In implicit commit mode, aka "auto" mode, this is difficult to avoid.
We could ask MarkLogic to extend DLS with a new function
designed for this situation. But that is a long-term solution,
and we need to move on with this implementation.
So what can we do? We might read up on xdmp:invoke
, xdmp:eval
, etc.
If we are careful, we can write a top-level read-only query
that invokes one or more update transactions.
(: Entry point - must be a read-only query. :)
xdmp:invoke(
'update.xqy',
(xs:QName('URI'), 'test',
xs:QName('NEW'), <x id="x2"/>,
xs:QName('NOTE'), "version two")),
xdmp:invoke(
'update.xqy',
(xs:QName('URI'), 'test',
xs:QName('NEW'), <x id="x3"/>,
xs:QName('NOTE'), "version three"))
This invokes a module called update.xqy
, which would look like this:
(: update.xqy :)
import module namespace dls="http://marklogic.com/xdmp/dls"
at "/MarkLogic/dls.xqy";
declare variable $NEW as node() external ;
declare variable $NOTE as xs:string external ;
declare variable $URI as xs:string external ;
dls:document-checkout-update-checkin(
$URI, $NEW, $NOTE, true())
This works - at least, it doesn't throw XDMP-CONFLICTINGUPDATES
.
But we have lost atomicity. Each of the two updates runs
as a different transaction. This opens up a potential race
condition, where a second query updates the document
in between our two transactions. That could break our application.
There are ways around this, but they get complicated quickly. They are also difficult to test, so we can never be confident that we have plugged all the potential holes in our process. It would be much more convenient if we could run multiple statements inside one transaction, with each statement able to see the database state of the previous statements.
We can do exactly that using a multi-statement transaction. Let's get our feet wet by looking at a very simple MST.
declare option xdmp:transaction-mode "update";
xdmp:document-insert('temp', <one/>)
;
xdmp:document-insert('temp', <two/>),
xdmp:commit()
There are three important points to this query.
1. The option xdmp:transaction-mode="update"
begins a multi-statment transaction.
1. The semicolon after the first xdmp:document-insert
ends that statement and begins another.
1. The xdmp:commit
ends the multi-statement transaction
by commiting all updates to the database.
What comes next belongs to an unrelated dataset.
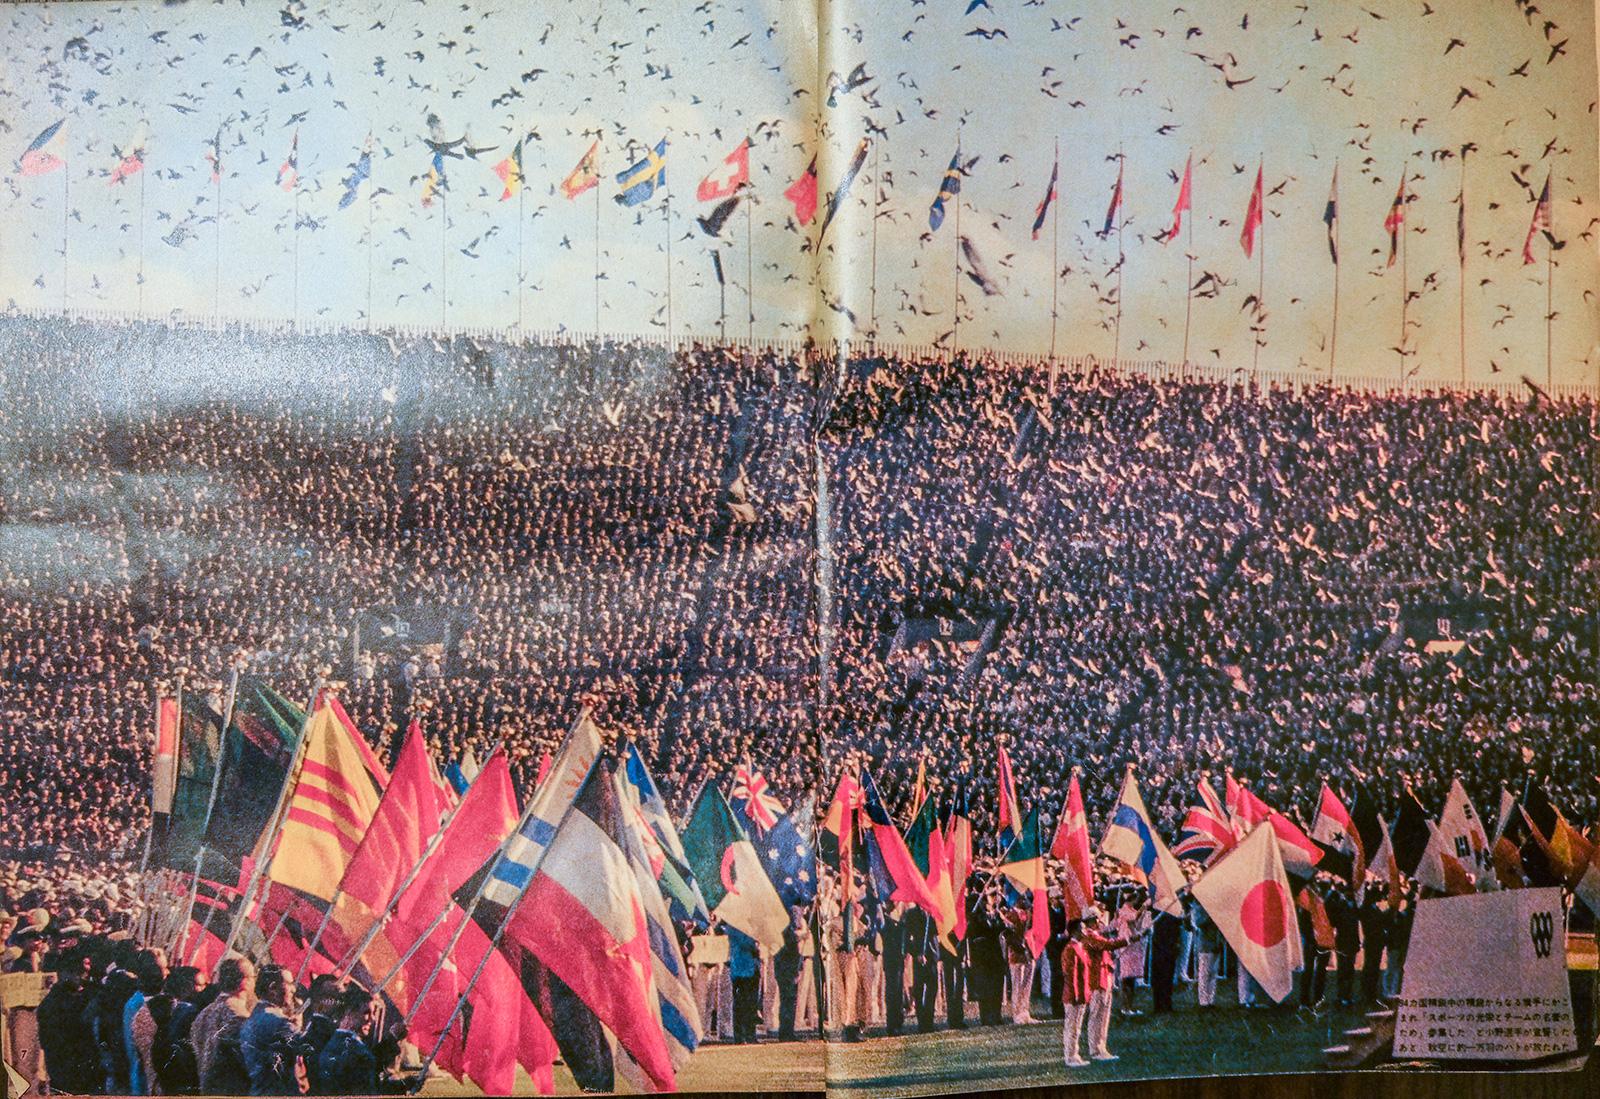 −東京オリンピック1000日前企画− 1964年大会を当時の写真集で振り返る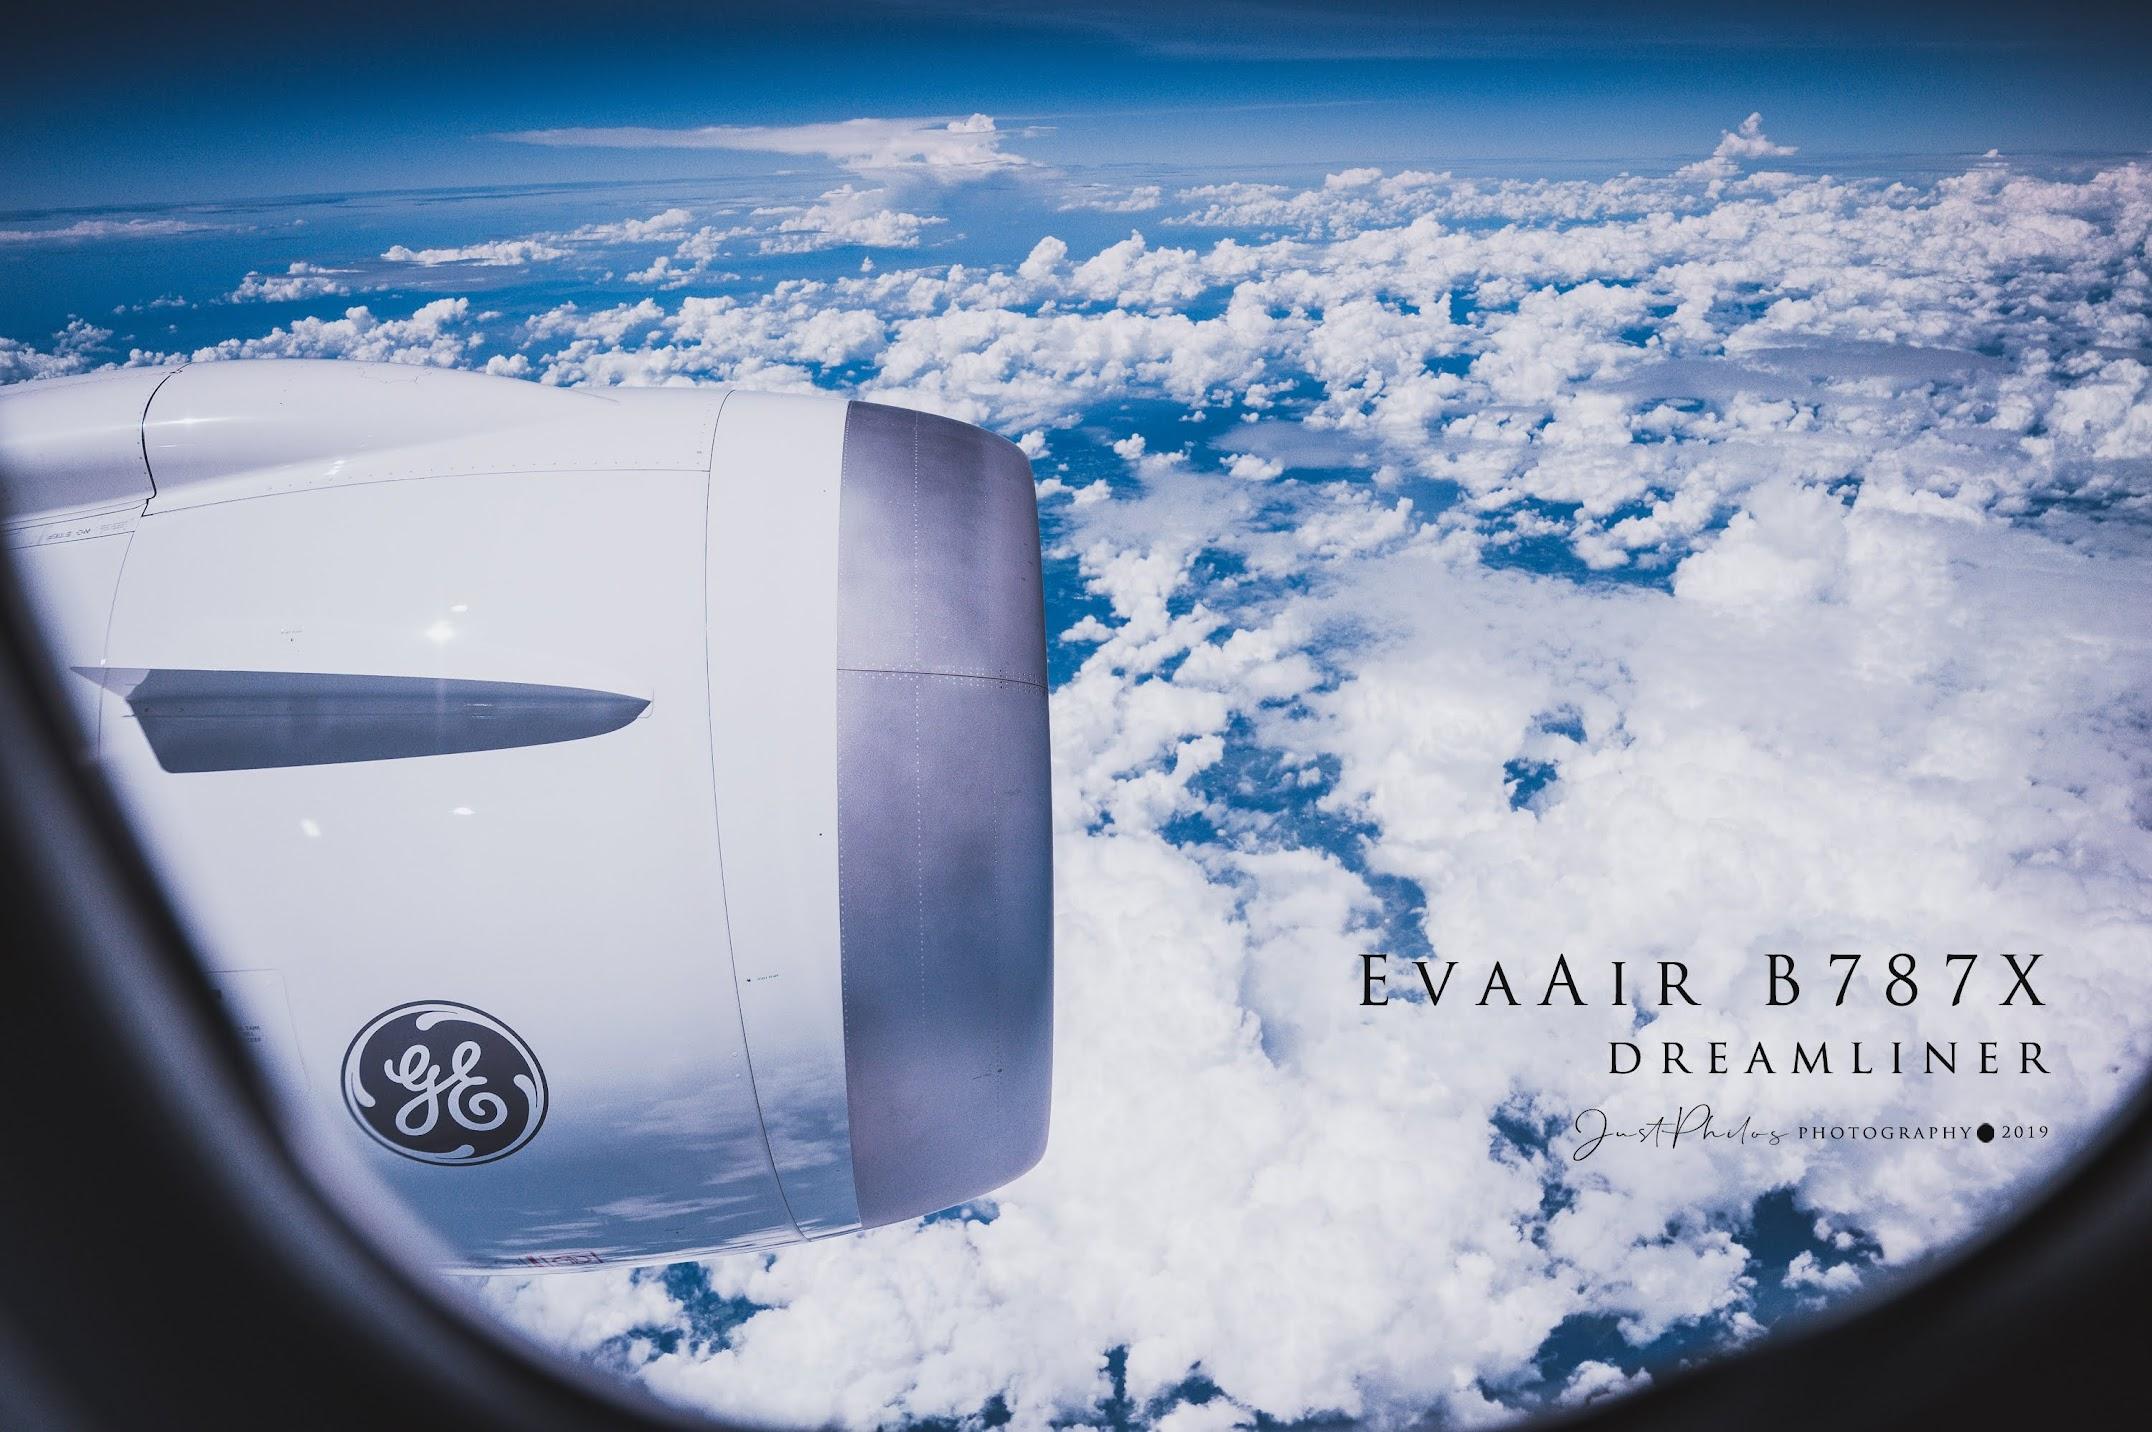 經過日本上空可以從機上看到較低層的積雲,搭配藍天形成一幅美麗的空中畫作。

This runs without error, and we can verify that doc('temp')
contains <two/>
after it runs.
But how can we prove that all this takes place in a single transaction?
Let's decorate the query with a few more function calls.
declare option xdmp:transaction-mode "update";
xdmp:get-transaction-mode(),
xdmp:transaction(),
doc('temp')/*,
xdmp:document-insert('temp', <one/>)
;
xdmp:get-transaction-mode(),
xdmp:transaction(),
doc('temp')/*,
xdmp:document-insert('temp', <two/>),
xdmp:commit()
This time we return some extra information within each statement: the transaction mode, the transaction id, and the contents of the test doc. The transaction ids will be different every time, but here is one example.
update
17378667561611037626
<two/>
update
17378667561611037626
<one/>
So the document test
started out with the old node <two/>
,
but after the first statement it changed to <one/>
.
Both statements see the same transaction mode and id.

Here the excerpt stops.